Our platform implements AI-powered answer ordering that presents student responses in an optimized sequence. Rather than showing answers in random order or using simple shuffling, the system leverages AI-generated grading vectors for each response. These vectors contain numerical scores for each rubric criterion, creating a comprehensive representation of the response content. Importantly, these grading vectors are never shown to human graders to prevent the introduction of AI bias into the assessment process.

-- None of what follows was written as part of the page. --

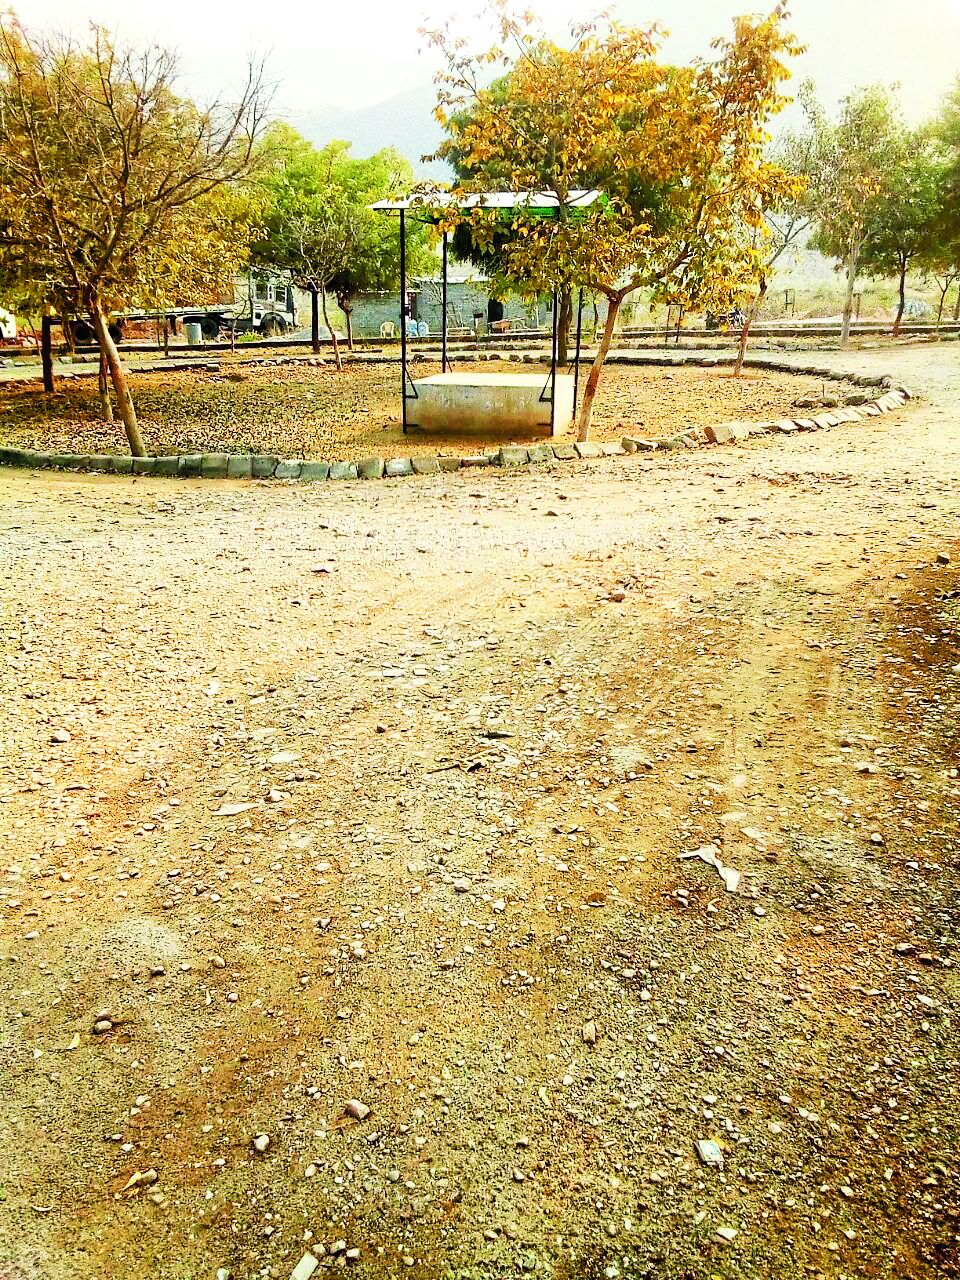 Bad condition of driving test track in alwar rto office

The ordering is achieved through vector distance calculations between these AI-generated grading vectors. The system arranges responses to minimize the overall distance between consecutive answers, ensuring that responses with similar grading patterns appear together. This approach is designed to reduce cognitive load from constant context switching between different answer types and helps maintain consistent grading across similar responses. This directly addresses challenges like workload and bias as identified in our research.
Mathematical expressions in student responses often appear in various formats, from simple inline calculations in free-text editors to complex LaTeX formulas. A small test case in Mathematics revealed that inconsistent notation and formatting can significantly increase cognitive load during grading.

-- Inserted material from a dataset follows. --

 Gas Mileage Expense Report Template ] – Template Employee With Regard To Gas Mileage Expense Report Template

Our platform implements automated mathematical expression parsing that converts raw text representations into standardized LaTeX notation. When students write mathematical expressions in plain text format (e.g., "x^2-6" or "sqrt(4)"), the system automatically converts these into properly formatted mathematical notation. The original text remains visible for verification, but the standardized format helps graders quickly under-stand the mathematical structure of the response.
An example of math parsing in action for both a normal and a highlighted part of the student response is shown below:
The parsing functionality operates through specialized AI prompts that identify and interpret mathematical expressions within the broader context of student responses. This is particularly valuable in responses that mix textual explanations with mathematical reasoning, as it helps graders focus on the conceptual understanding rather than decoding various notation styles. By standardizing the presentation of mathematical expressions, the system reduces interpretation errors and improves grading efficiency while maintaining the original response for reference.

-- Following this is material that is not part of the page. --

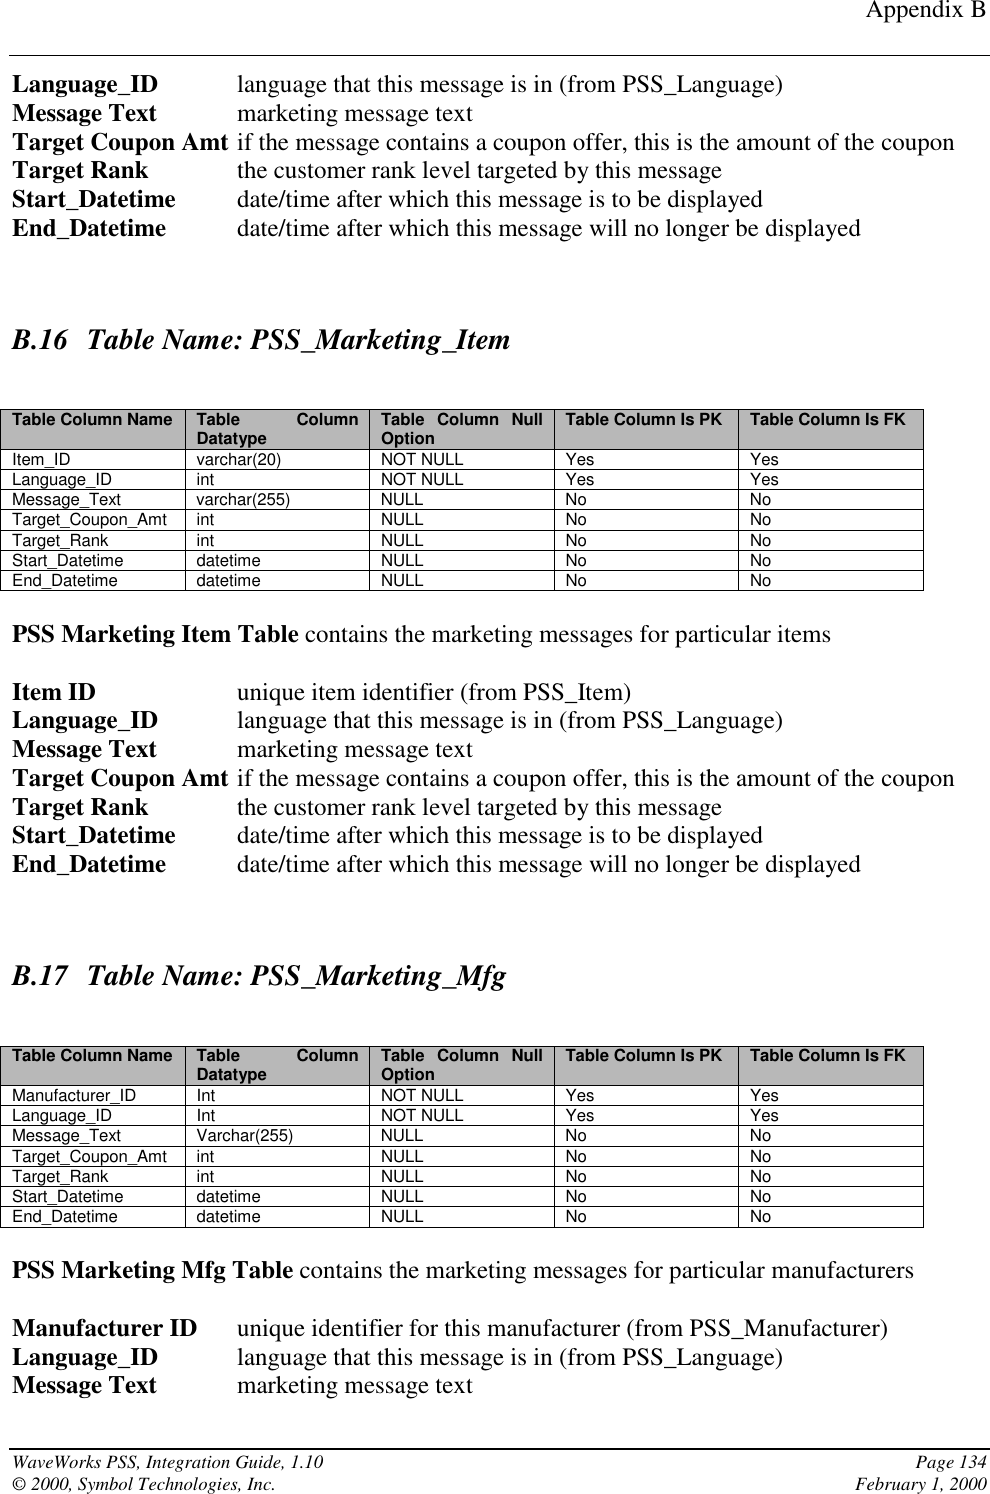 Appendix BWaveWorks PSS, Integration Guide, 1.10 Page 134© 2000, Symbol Technologies, Inc. February 1, 2000Language_ID language that this message is in (from PSS_Language)Message Text marketing message textTarget Coupon Amt if the message contains a coupon offer, this is the amount of the couponTarget Rank the customer rank level targeted by this messageStart_Datetime date/time after which this message is to be displayedEnd_Datetime date/time after which this message will no longer be displayedB.16 Table Name: PSS_Marketing_ItemTable Column Name Table ColumnDatatype Table Column NullOption Table Column Is PK Table Column Is FKItem_ID varchar(20) NOT NULL Yes YesLanguage_ID int NOT NULL Yes YesMessage_Text varchar(255) NULL No NoTarget_Coupon_Amt int NULL No NoTarget_Rank int NULL No NoStart_Datetime datetime NULL No NoEnd_Datetime datetime NULL No NoPSS Marketing Item Table contains the marketing messages for particular itemsItem ID unique item identifier (from PSS_Item)Language_ID language that this message is in (from PSS_Language)Message Text marketing message textTarget Coupon Amt if the message contains a coupon offer, this is the amount of the couponTarget Rank the customer rank level targeted by this messageStart_Datetime date/time after which this message is to be displayedEnd_Datetime date/time after which this message will no longer be displayedB.17 Table Name: PSS_Marketing_MfgTable Column Name Table ColumnDatatype Table Column NullOption Table Column Is PK Table Column Is FKManufacturer_ID Int NOT NULL Yes YesLanguage_ID Int NOT NULL Yes YesMessage_Text Varchar(255) NULL No NoTarget_Coupon_Amt int NULL No NoTarget_Rank int NULL No NoStart_Datetime datetime NULL No NoEnd_Datetime datetime NULL No NoPSS Marketing Mfg Table contains the marketing messages for particular manufacturersManufacturer ID unique identifier for this manufacturer (from PSS_Manufacturer)Language_ID language that this message is in (from PSS_Language)Message Text marketing message text

The quality assurance functionality is a key component of our AI-assisted grading platform, designed to enhance grading consistency. This feature directly addresses concerns raised in our interviews about maintaining fairness and consistency, especially in team-based grading scenarios, which all participants reported using for large exams.
Our platform implements clustering visualization and outlier detection to help lecturers identify potential grading inconsistencies after the initial grading is complete. The system analyzes graded responses and presents them in a visual format that allows for quick identification of potential outliers or inconsistencies in grading patterns.
The system analyzes graded responses through several integrated approaches. Clustering visualization groups similar responses visually, with human-assigned grades represented by colors, enabling quick identification of inconsistencies. The outlier detection system calculates scores based on the agreement between human grading and AI-suggested groupings, flagging responses that may need review. A comprehensive re-view interface provides sortable access to all graded responses, including assigned rubrics and computed outlier scores, while maintaining our commitment to preventing AI bias by never displaying AI-generated grades to human graders.